Yus, one of the reasons I no votey.

/I like your comic, BTW.


----------



## Arshes Nei (Mar 19, 2007)

About the colors. Yellow is considered 2 things. A color of hunger, so you notice a lot of Fast Food places using it, like Burger King and McDonalds...

Or you'll find the color psychologically disturbing.

Simplify your character and use something more toned down and try a compliment. Purple would be the compliment in this case. It would cause more recognition. 

If the character has blue eyes, make the shoes match. Actually in fact, to make your character more fashionable, you'd do the same for a top. Ie if your character has a Pink shirt, the shoes should be pink.


----------



## scottmale24 (Mar 19, 2007)

WelcomeTheCollapse said:
			
		

> /I like your comic, BTW.




Thanks.


----------



## Rouge2 (Mar 19, 2007)

I already have a Purple Character named Dusk Rabbit, she teams up with Dawn Lynn Catherine.


----------



## Arshes Nei (Mar 19, 2007)

Rouge2 said:
			
		

> I already have a Purple Character named Dusk Rabbit, she teams up with Dawn Lynn Catherine.



You need to re-read what I just typed. It helps a lot when understanding color theory and more importantly character design.


----------



## Opius (Mar 19, 2007)

Was totally gonna copypasta something, but I ran outta 'munitions.

and motivation. hurf. this is like gay bashing but less fun. srsly.

I like number 13, personally. you know, that one white little pixel where that deformed furry-creator copypasta isn't? Shah. Totally metaphorical and deep. *nod*


----------



## MarieChan (Mar 20, 2007)

I thought yellow would represent wealth since it's like the color of gold, right? :B

But yeah, it's hard to work with yellow fur.


----------



## Rouge2 (Mar 20, 2007)

WHPellic said:
			
		

> Caution_Cat said:
> 
> 
> 
> ...




Dawn Lynn Catherine, General of the State Fighters and Sarah Catherine's little sister.  She runs Dandarido City State Fighters and is one rank above Dusk Rabbit, her protector.


----------



## Magica (Mar 20, 2007)

I'm sure you've given her an age and cup size, too? :roll:


----------



## Rouge2 (Mar 20, 2007)

DragonMagica said:
			
		

> I'm sure you've given her an age and cup size, too? :roll:



No I didn't it was for Dusk, I have yet to do Dawn's Bio.


----------



## MarieChan (Mar 20, 2007)

Because it's vital in a character to know the dimensions of their rack.

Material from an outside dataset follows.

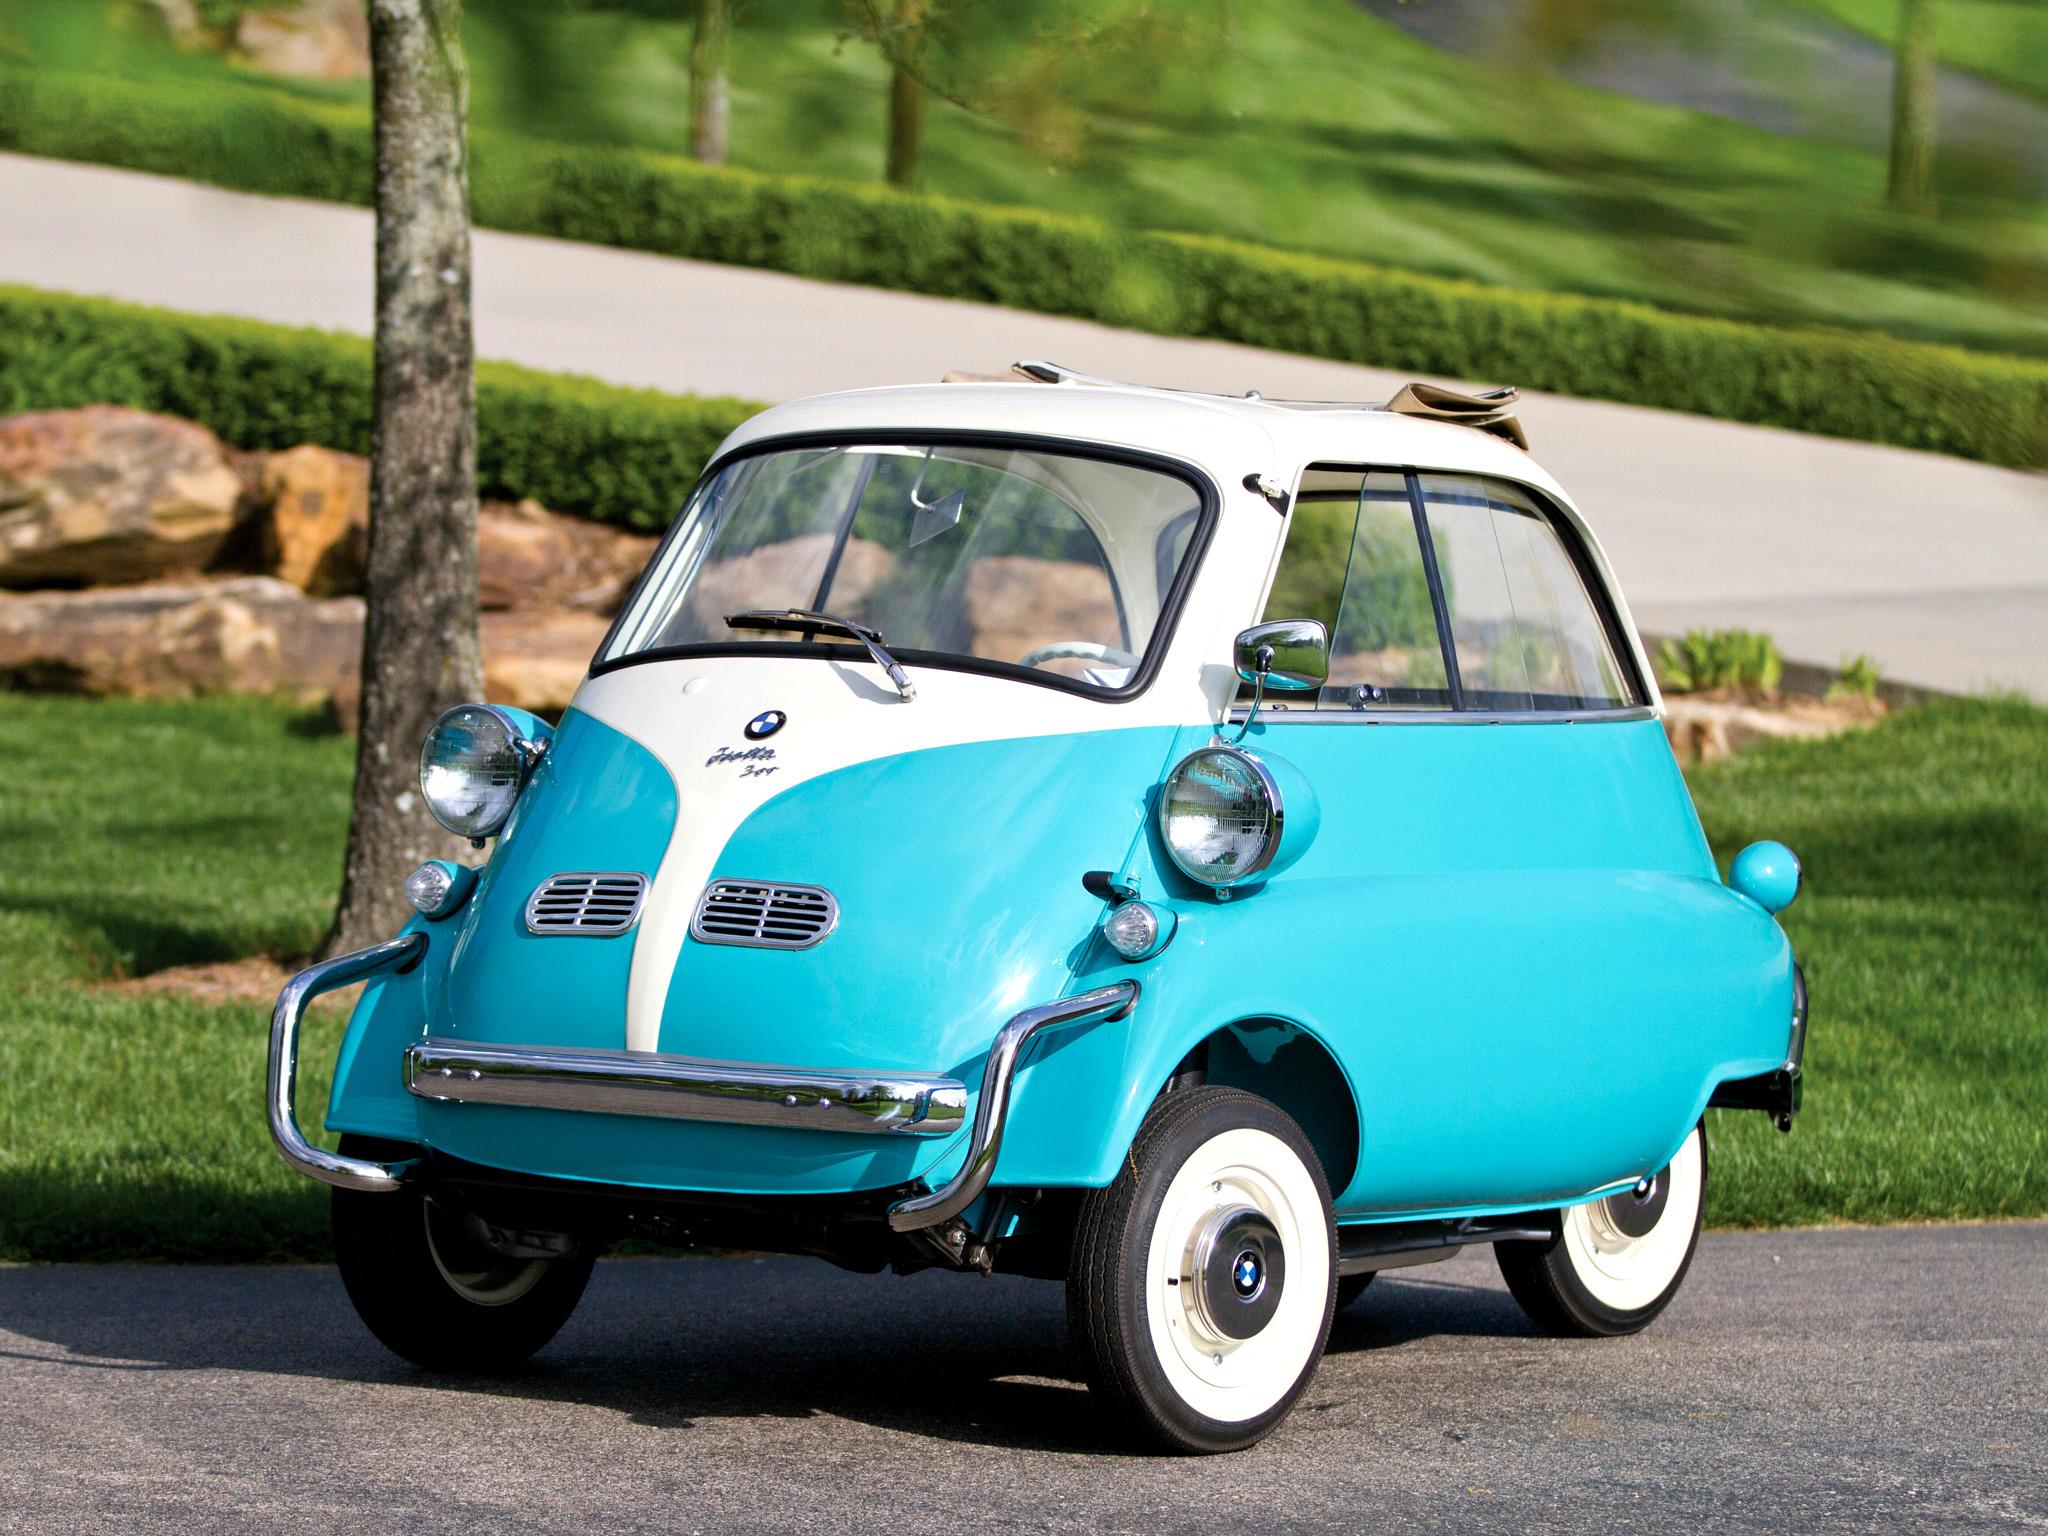 1957 Bmw Isetta 300 Us-spec

This is why I wear sports bras


----------



## shy (Mar 20, 2007)

So what /is/ the thing you use to make sonic characters? I want to make some too.

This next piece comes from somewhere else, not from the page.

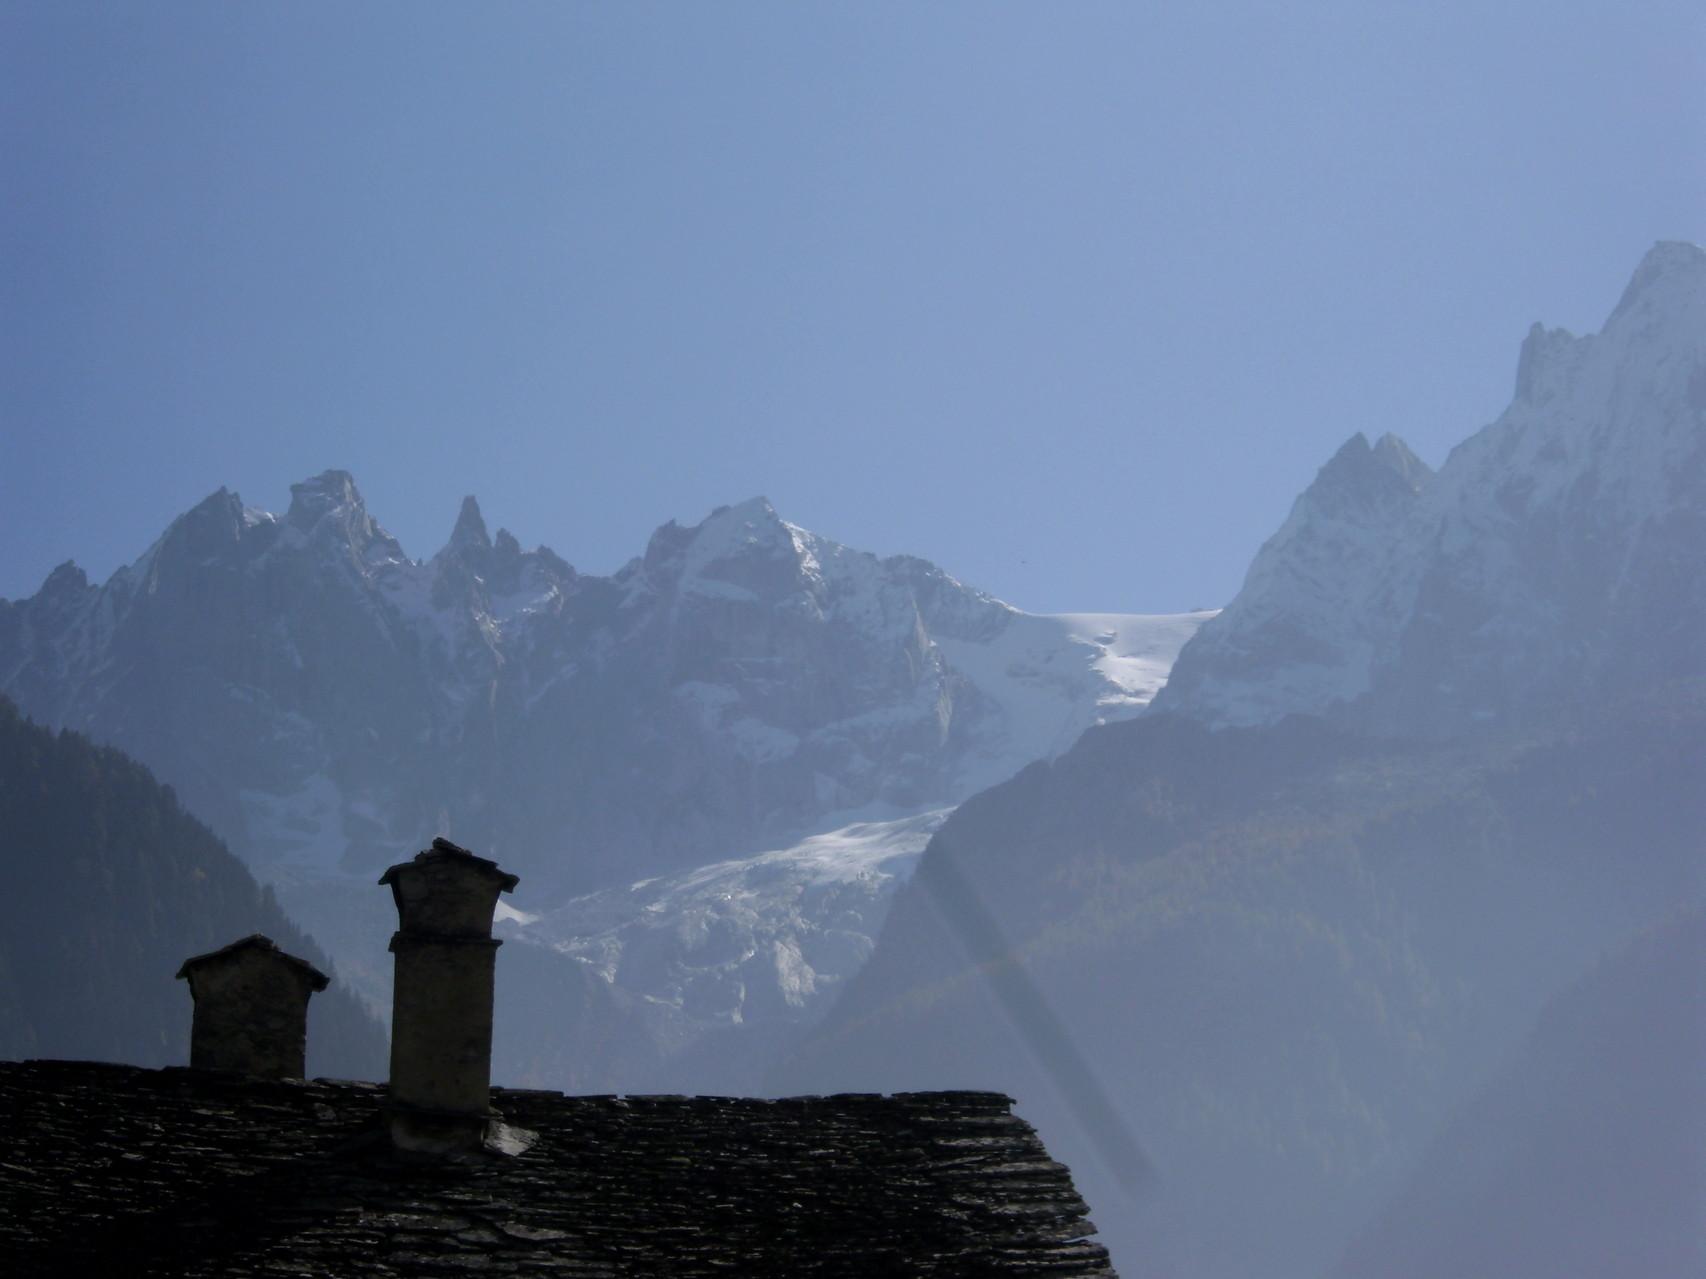 Sicht auf die Sciora-Berge

I think the thing that amazes me most about the StH fandom is that it still exists. It was huge back when I was in, like, middle school. But the decency of the comic and the Sat AM series played a good part for good reason. Now it's like... Seriously... Who cares... Outside of sweet sweet pornography, Its like fandom hell. Where all the people who can't make anything but "Mary Sue" characters go to roll around in thoughtless egotistical output.

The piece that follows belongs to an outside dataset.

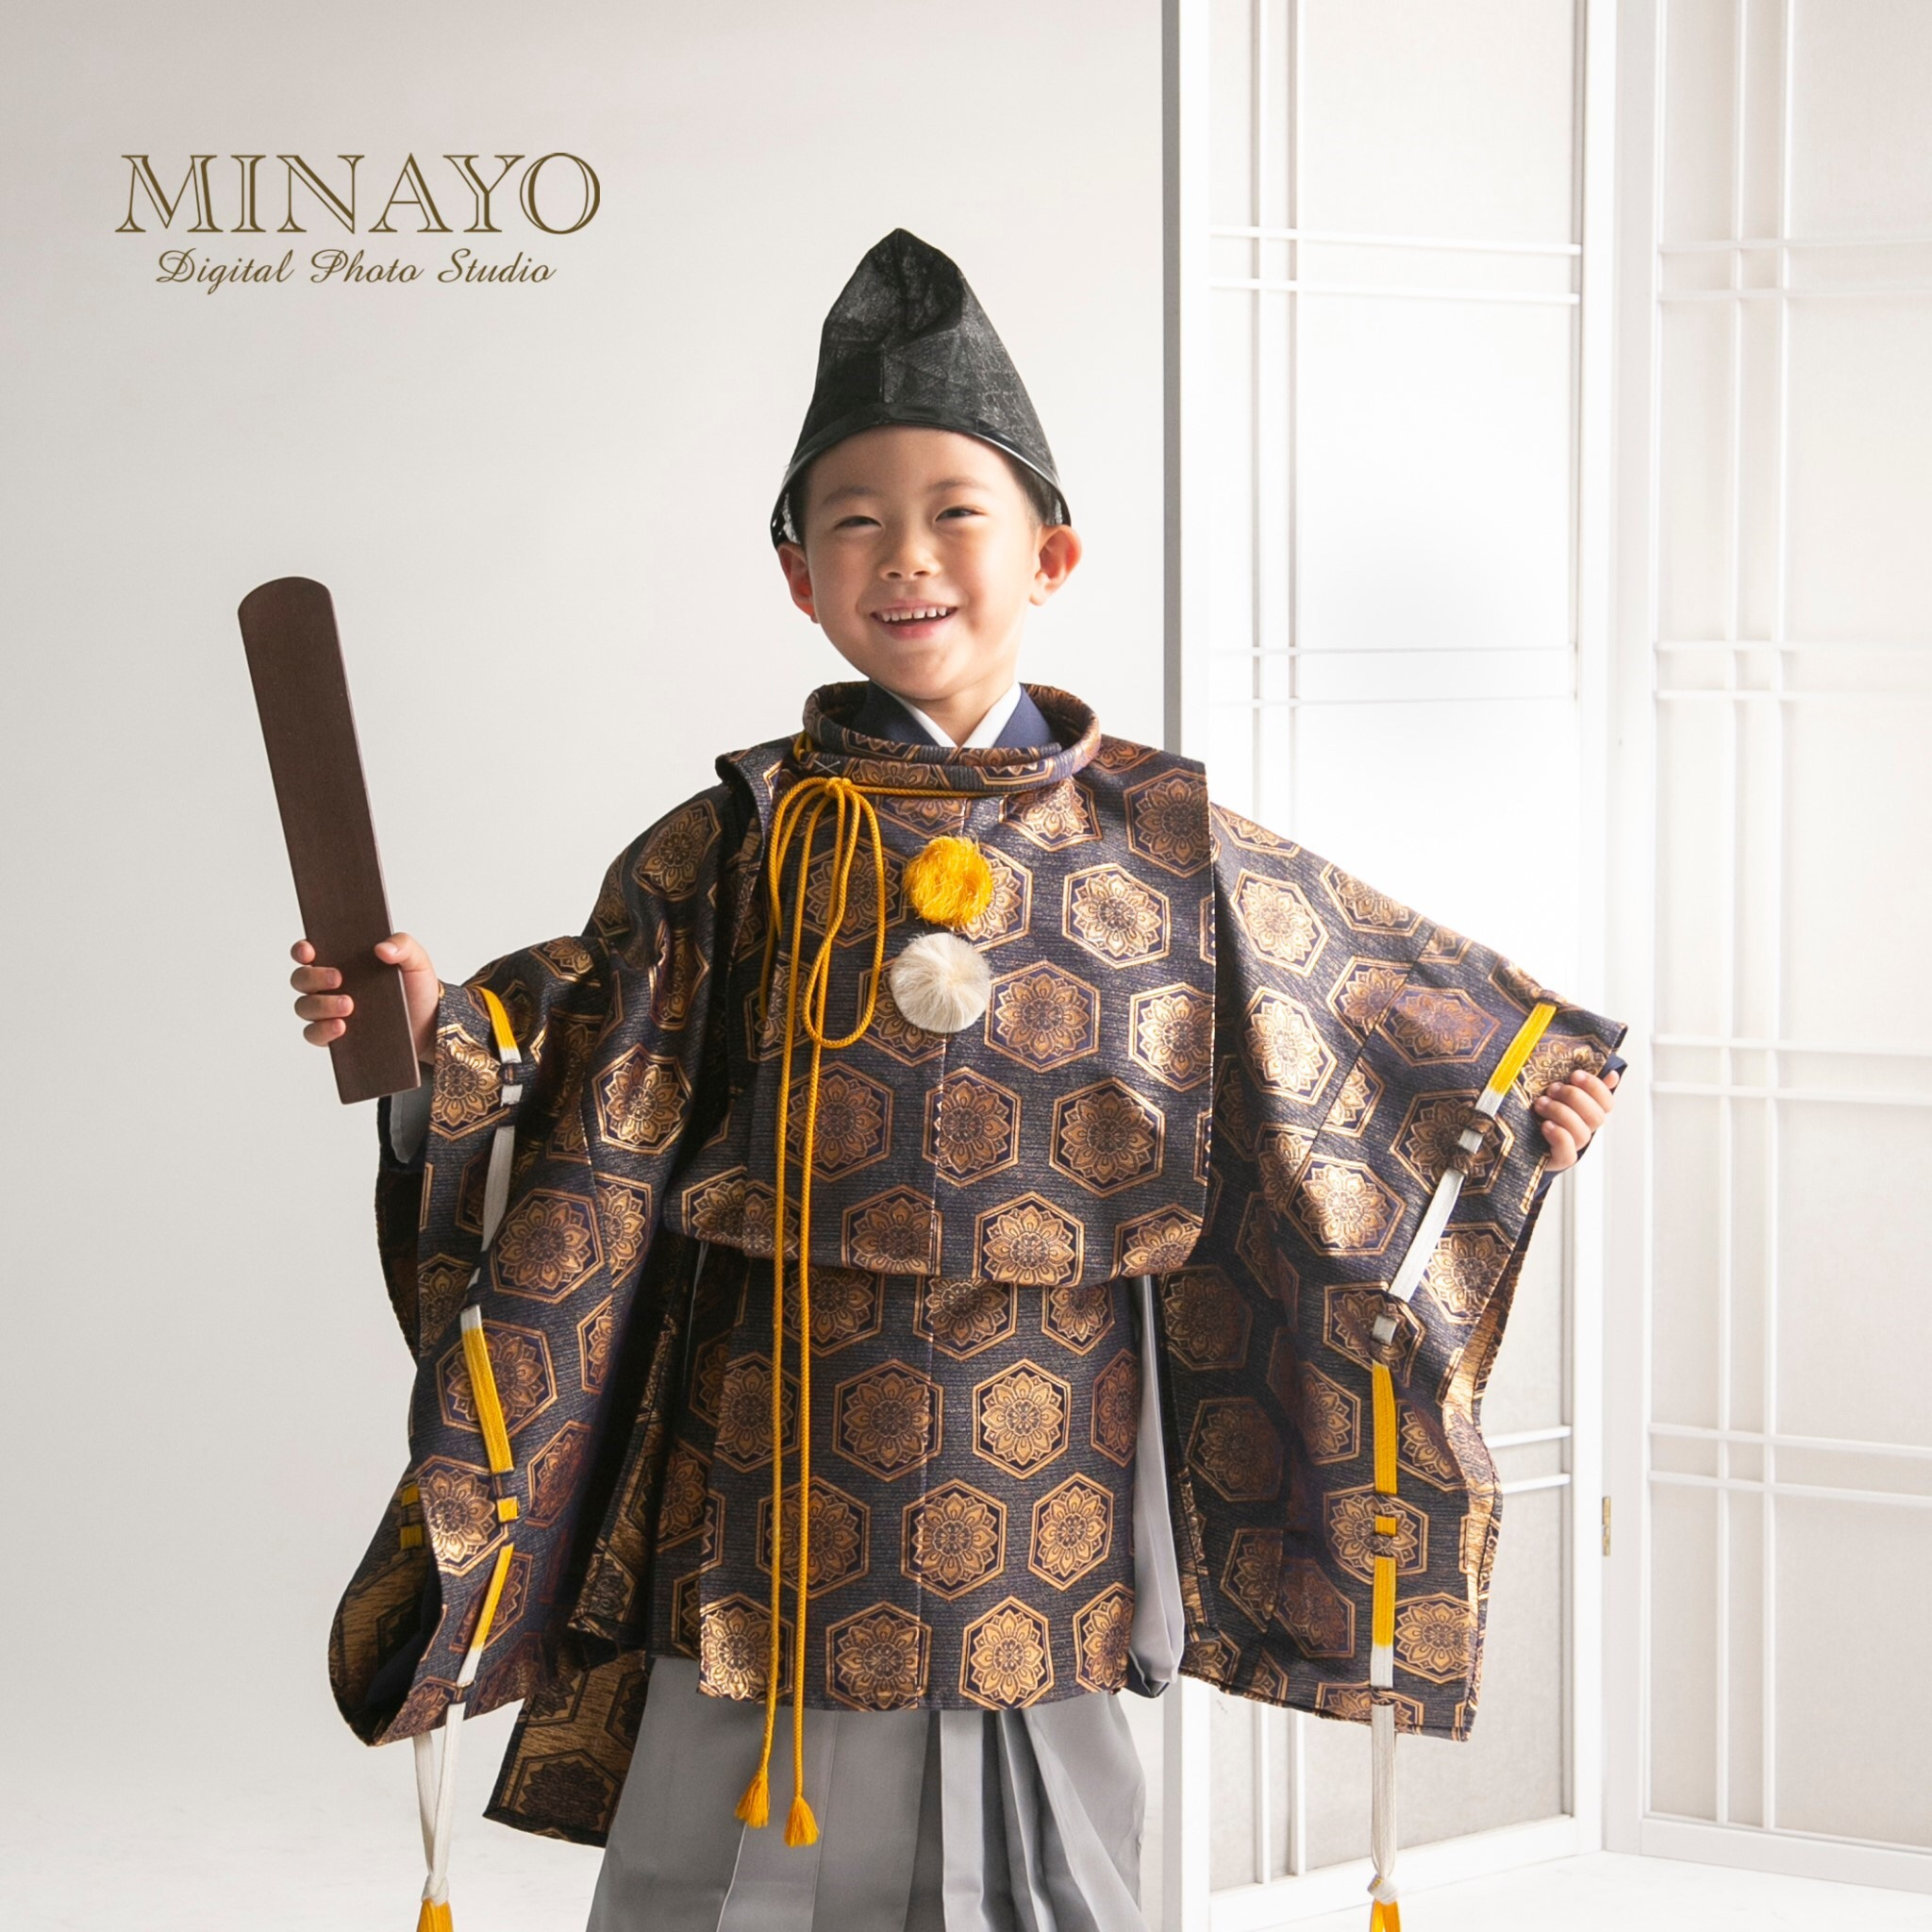 水干の衣装を着た5歳の男児

As for my choice, I can't pick any of them. Visually only a few are somewhat appealing (2's top, the braid, 9 if you are going for the futuristic XTREME sonic) but none in their entirety, and without knowing the background of the character how could anyone possibly know what outfit would look the best?


----------



## MarieChan (Mar 20, 2007)

He used a generator belonging to another artist on deviantart: http://www.deviantart.com/deviation/37671687/


I made one for general anthro furries- http://www.deviantart.com/deviation/49600878/

Thus people can use these to make their own character while the people that created the thing slaved over some actionscripting and drawing in flash x3


----------



## Rouge2 (Mar 20, 2007)

shy said:
			
		

> So what /is/ the thing you use to make sonic characters? I want to make some too.
> 
> I think the thing that amazes me most about the StH fandom is that it still exists. It was huge back when I was in, like, middle school. But the decency of the comic and the Sat AM series played a good part for good reason. Now it's like... Seriously... Who cares... Outside of sweet sweet pornography, Its like fandom hell. Where all the people who can't make anything but "Mary Sue" characters go to roll around in thoughtless egotistical output.
> 
> As for my choice, I can't pick any of them. Visually only a few are somewhat appealing (2's top, the braid, 9 if you are going for the futuristic XTREME sonic) but none in their entirety, and without knowing the background of the character how could anyone possibly know what outfit would look the best?



http://www.deviantart.com/deviation/37671687/?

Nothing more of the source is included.